But one luxury of being rich is you can sacrifice some financial upside
for political purposes if you want to. A recent paper by Emory University
political scientists Gregory Martin and Josh McCrain found that when
Sinclair Broadcast Group, a legendarily right-wing network of local TV
stations, buys a station, its local news programs begin to cover more
national and less local politics, the coverage becomes more conservative,
and viewership actually falls -- suggesting that the rightward tilt isn't
enacted as a strategy to win more viewers but as part of a persuasion
effort.[*]
Martin and Ali Yurukoglu, meanwhile, found in a separate study that
without Fox News's slanted coverage, the Republican presidential candidate's
share of the two-party vote would have been 3.59 points lower in 2004 and
6.34 points lower in 2008. The Koch brothers have started using their
financial clout to buy influence on college campuses, making generous
contributions in exchange for a role in hiring faculty members. Google
spends millions of dollars a year sponsoring academic research that it
hopes will influence both mass and elite opinion in favor of Google-friendly
policy conclusions, and it's obviously not the only wealthy business that
does this.
Most cases are, of course, going to be less extreme but still
significant. An old quip by Anatole France notes that "the law, in its
majestic equality, forbids the rich as well as the poor to sleep under
bridges, to beg in the streets, and to steal bread." By the same token,
the rich and the poor alike have the right to buy a chain of local
television news stations or NFL franchises, but in practice, only the
rich actually can control the flow of information.

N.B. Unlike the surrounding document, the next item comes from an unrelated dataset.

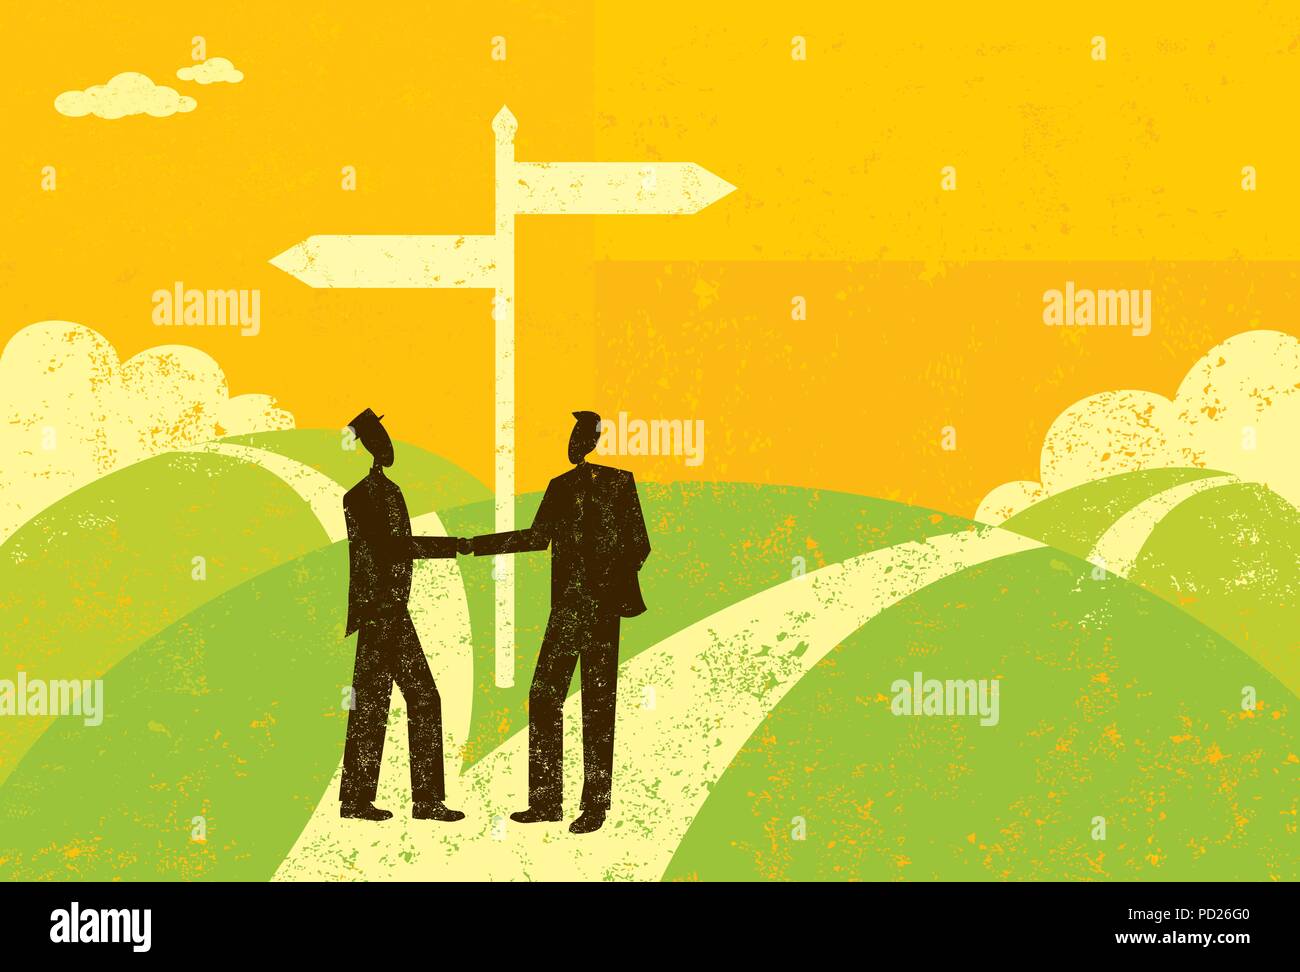 Businessmen Parting Ways Two business partners, reaching a fork in the road, shake hands and decide to part ways. Stock Vector

One should note [*] that Sinclair's substitution of national for
local news is also a cost-cutting (profit-enhancing) feature, as local
news is generally of interest only to its local market, whereas national
stories can be sourced anywhere and reused everywhere. The Kochs, by
the way, have been buying academic favors at least since the 1980s,
when they founded Cato Institute and bankrolled James McGill Buchanan
(see Nancy McLean's Democracy in Chains: The Deep History of the
Radical Right's Stealth Plan for America; by the way, I saw a line
just this week insisting that the Nobel Prize for Economics isn't given
out to marginal cranks, but Buchanan disproves that).
For more on the NFL, see:
Benjamin Sachs: The NFL's "take a knee" ban is flatly illegal.
Donald Trump's posthumous pardon of boxing champion Jack Johnson,
explained: "A case where breaking norms helps get the right thing
done." By all means, read if you don't know who Johnson was (or think
he's a white folksinger). I learned about the first black boxing champ
back in the 1960s -- not just his boxing career and taste for white
women but that he was also into fast cars -- especially through Howard
Sackler's 1967 play The Greate White Hope (a stage and screen
breakthrough for James Early Jones), soon followed by one of Miles
Davis' greatest albums (A Tribute to Jack Johnson). Johnson's
Mann Act conviction was unjust, but not unique (the same law was used
to jail Chuck Berry in the 1950s), and indeed the period was so full
of racial injustice that it would be mind-boggling even to try to
recognize it all. On the other hand, if Trump's pardon of Johnson
is anything more than a cheap publicity stunt, all it signals is
Trump's identity with famous people, and his sense that pardoning
a black man who died 70 years ago won't ruffle his base (especially
after his much more consequential pardon of racist sheriff Joe
Arpaio).
Why did anyone ever take Trump's North Korea diplomacy seriously?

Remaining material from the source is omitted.